With the continuous development of deep learning technology, many screen content image quality evaluation models based on convolutional neural networks have appeared in recent years. Considering that deep learning is a data driving method, and the existing screen content image dataset usually only contains a small number of distorted screen content images, so that the effect of data enhancement is mainly achieved by blocking the screen content images, but a single image block cannot fully characterize the quality of the whole distorted image, and because a large number of text and image areas exist in the screen content images at the same time, image blocks of different contents can generate large quality differences even under the condition of the same distortion effect. Therefore, the influence difference of the image area and the text area in the screen content image on the whole visual quality of the image needs to be fully considered, and a weight strategy is designed by combining the degree of the difference, so that the image characteristics of the image area and the text area are effectively fused, and the accuracy of the non-reference screen content image quality evaluation model is further improved.
Disclosure of Invention
The invention aims to provide a multi-region feature fusion-based reference-free screen content image quality assessment method, which is based on the idea of multi-region local feature fusion, and features of a plurality of local image blocks are fused to represent the overall quality of an image, so that quality score deviation caused by training by using a single image block is reduced. Meanwhile, when the convolution layer of the convolution neural network is designed, different characteristics of a text region and an image region in the screen content image can be extracted more effectively by using convolution kernels with different sizes, and the text characteristics and the image characteristics with different scales can be effectively fused by using an attention mechanism, so that attention weights with different degrees can be given to each image block. Overall, the method can achieve higher subjective and objective visual perception consistency than other methods.
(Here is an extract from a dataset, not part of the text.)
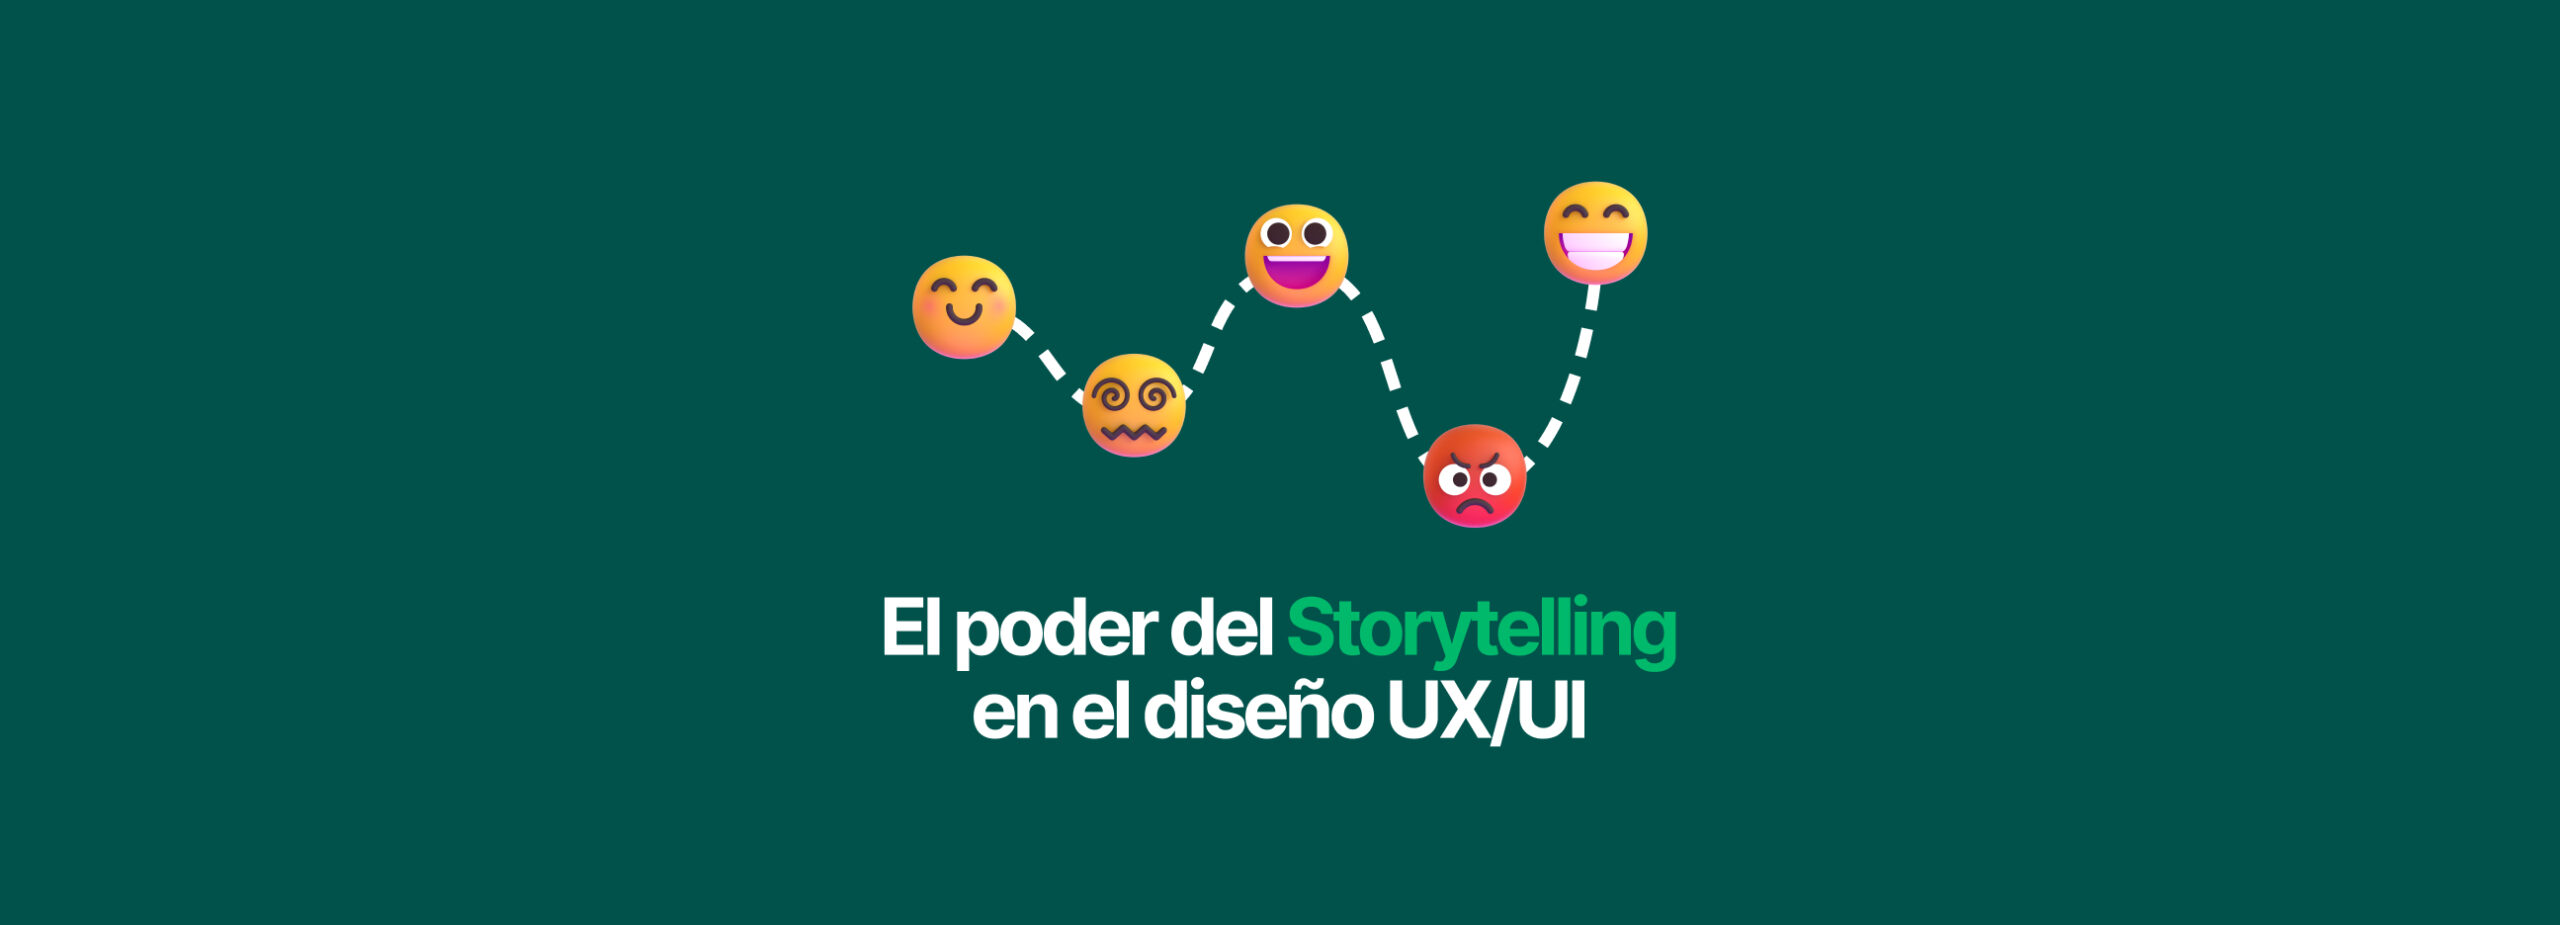 El poder del storytelling en el diseño UX/UI: Una herramienta para la creación de interfaces atractivas y memorables

In order to achieve the above purpose, the technical scheme of the invention is as follows: a multi-region feature fusion-based reference-free screen content image quality assessment method comprises the following steps:
step S1, data preprocessing is carried out on data in distorted screen content image data sets, firstly image blocks are cut out from each distorted screen content image, then the data sets are divided into training sets and test sets, and finally data enhancement is carried out on the data in the training sets;
s2, designing an adaptive feature extraction module, wherein the adaptive feature extraction module can adaptively extract different scale features of a text region and an image region in an image block of distorted screen content, and fuse the features of the text region and the features of the image region based on an attention mechanism;
s3, designing a local image information interaction module, wherein the module enhances information interaction between any two image blocks in the distorted screen content image by introducing a self-attention mechanism, and endows different attention weights to each image block;
s4, designing a non-reference image quality evaluation network based on multi-region feature fusion, and training to obtain a non-reference screen content image quality evaluation model based on multi-region feature fusion;
And S5, inputting the distortion screen content image to be detected into a trained non-reference screen content image quality evaluation model based on multi-region feature fusion, and outputting a corresponding quality evaluation score.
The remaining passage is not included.